Shouting out on social media, like Twitter, can really help. Asking for volunteers to test your challenges. Validation is more around confirming the difficulty. Does someone with the target demographic skill set agree with the difficulty? Do your peers agree? Who is right? No one and everyone! The stats at the end of a CTF will often be the real truth-teller. Did everyone solve your hard challenge? This happened to my team with a crypto challenge; it took ages to build and minutes to solve because there was a tool that had been developed for a very similar challenge used on a different CTF.
Do all of your challenges work? If you have documented the challenges then you can get people to carry out functional test. These are, as the name implies, a simple test to make sure the challenge works and can be solved in the way you intended. The testers will have your walkthrough and will be following it step by step. They can then feed back to you if they thought your route to solve made sense and if they think it would be reasonable to expect a player to take that route.
Where and how are you going to present your CTF?
There are engineering considerations to take into account when choosing a platform. Having a really popular CTF may seem like a great problem to have, but when people aren’t able to play, they may get frustrated quickly. Think load balancers and how to host these systems. Should you be looking at hosting on a cloud service provider rather than the old trusty 386DX you have lying around in the cupboard?
The current leader in open source CTF platforms seems to be CTFd. This platform can be cloned from GitHub, or installed via Docker allowing for quick set ups. It also has the ability to work alongside external platforms such as Major League Cyber.
There are other open source platforms out there and companies are now starting to pop-up with CTF Platform-as-a-Service. But these are still few and far between, as this is a growth (sub) industry, I expect to see a lot more managed CTF platforms going forward.
When choosing a platform look at if they have case sensitivity in the submission field. This type of detail is often overlooked when creating flags. Does the service offer any sort of post-CTF stats? Can you look at how many people participated? How many challenges were solved? etc etc.
Players will write about your CTF, they will spoil, or burn your challenges. Accept this as part of the process and encourage it. I have seen companies claim that doing this was an infringement of intellectual property. I am no legal expert, but I doubt that would hold up in court!
By having people write up your challenges you are getting free and unfiltered feedback and your CTF will get even more publicity. Meaning if you run a second CTF you will have more players.
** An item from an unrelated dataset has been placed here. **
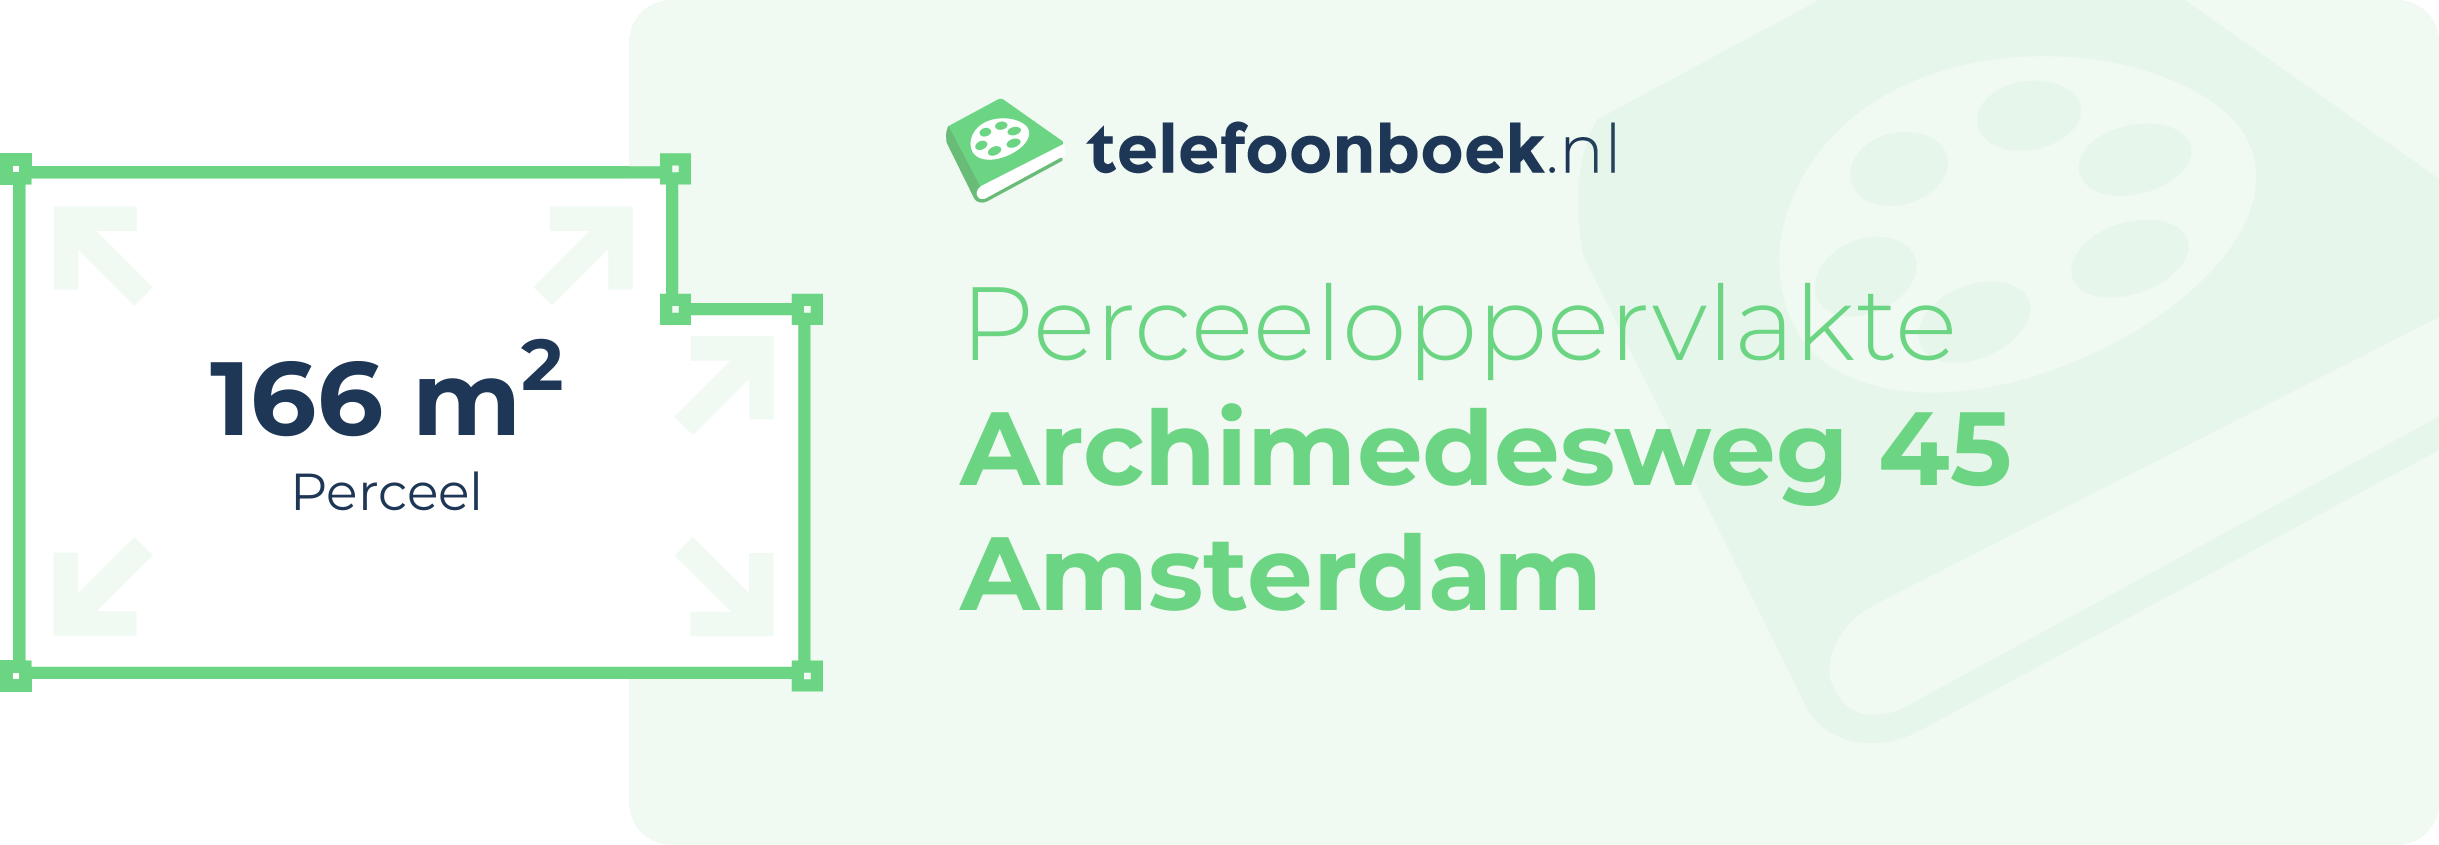 Perceeloppervlakte Archimedesweg 45 Amsterdam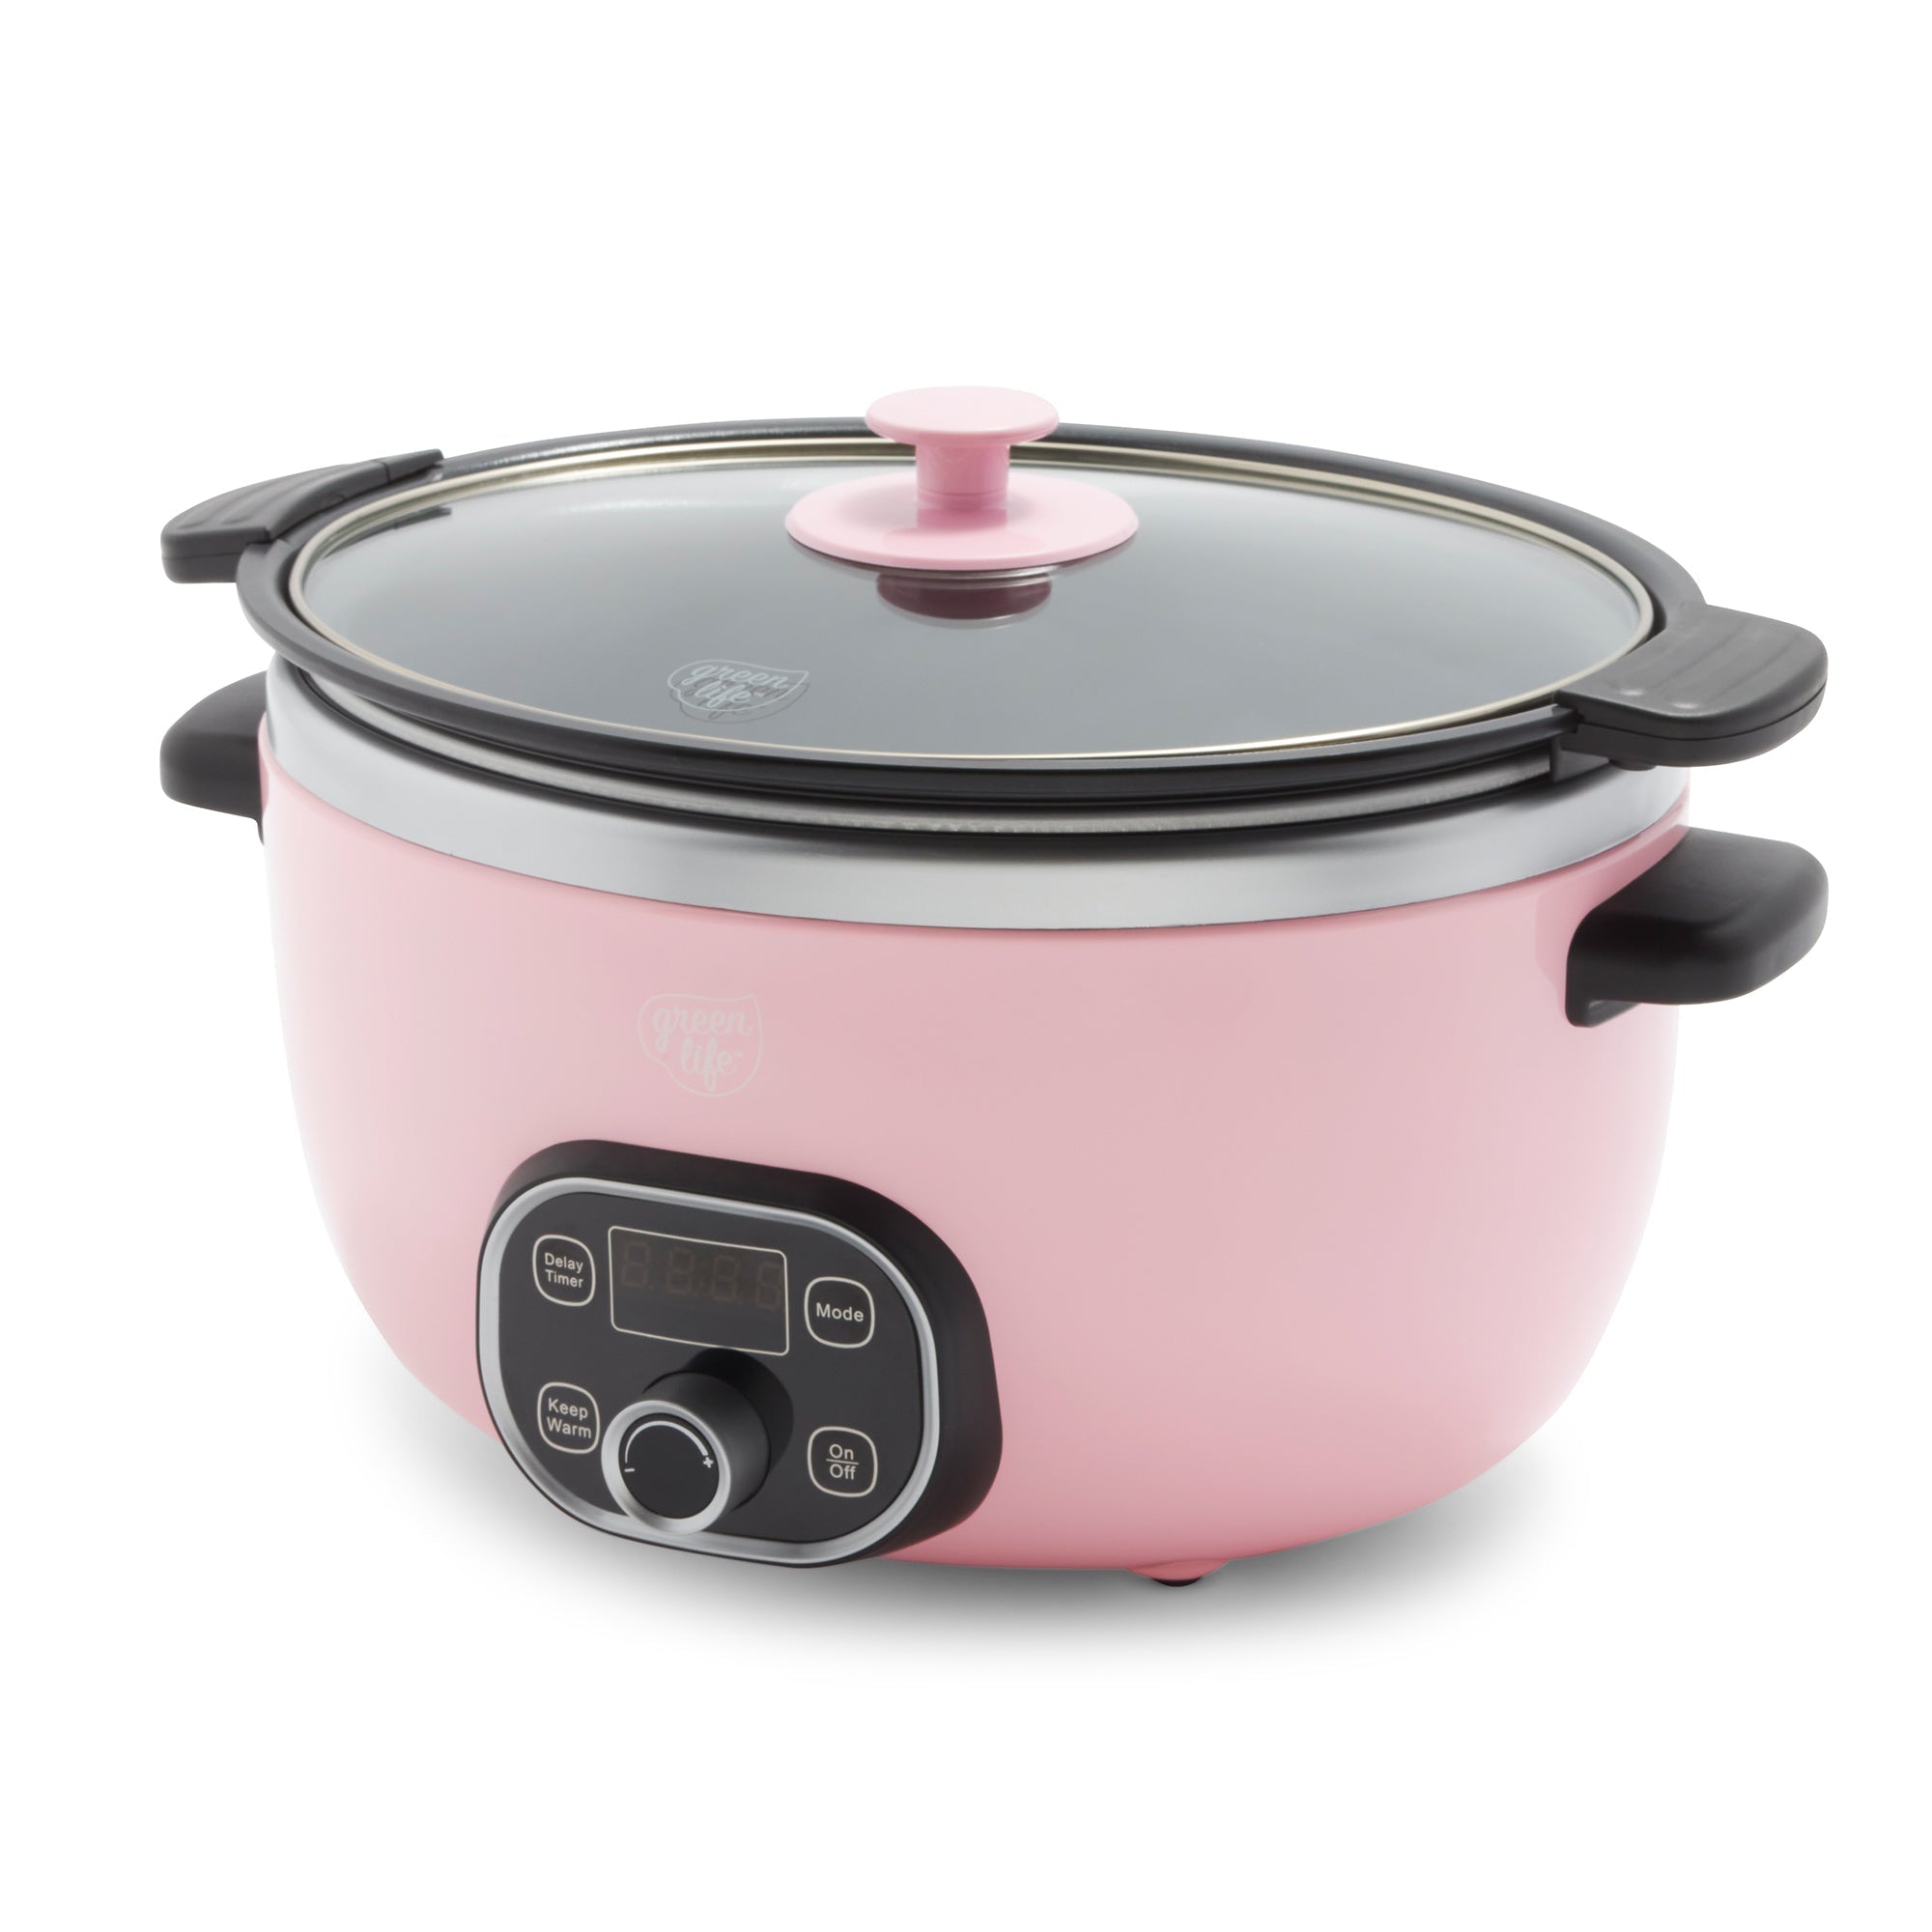 AR+COOK Multi Purpose Slow Cooker 1.5 Quart Capacity Pink Ceramic Crock Pot

Also, these write-ups will create more footfall to your website (if you have one!).
Regardless of whether you run the CTF for profit generation or for run, you should run a retrospective analysis on how the CTF went. As this can be a blog post in itself I will advise you to read up on it here, or any other project management blog.
There is a lot to take in from the post, and not as many pictures as normal. I hope that you find this helpful when creating your own CTF. Keep creating and keep pushing what we know.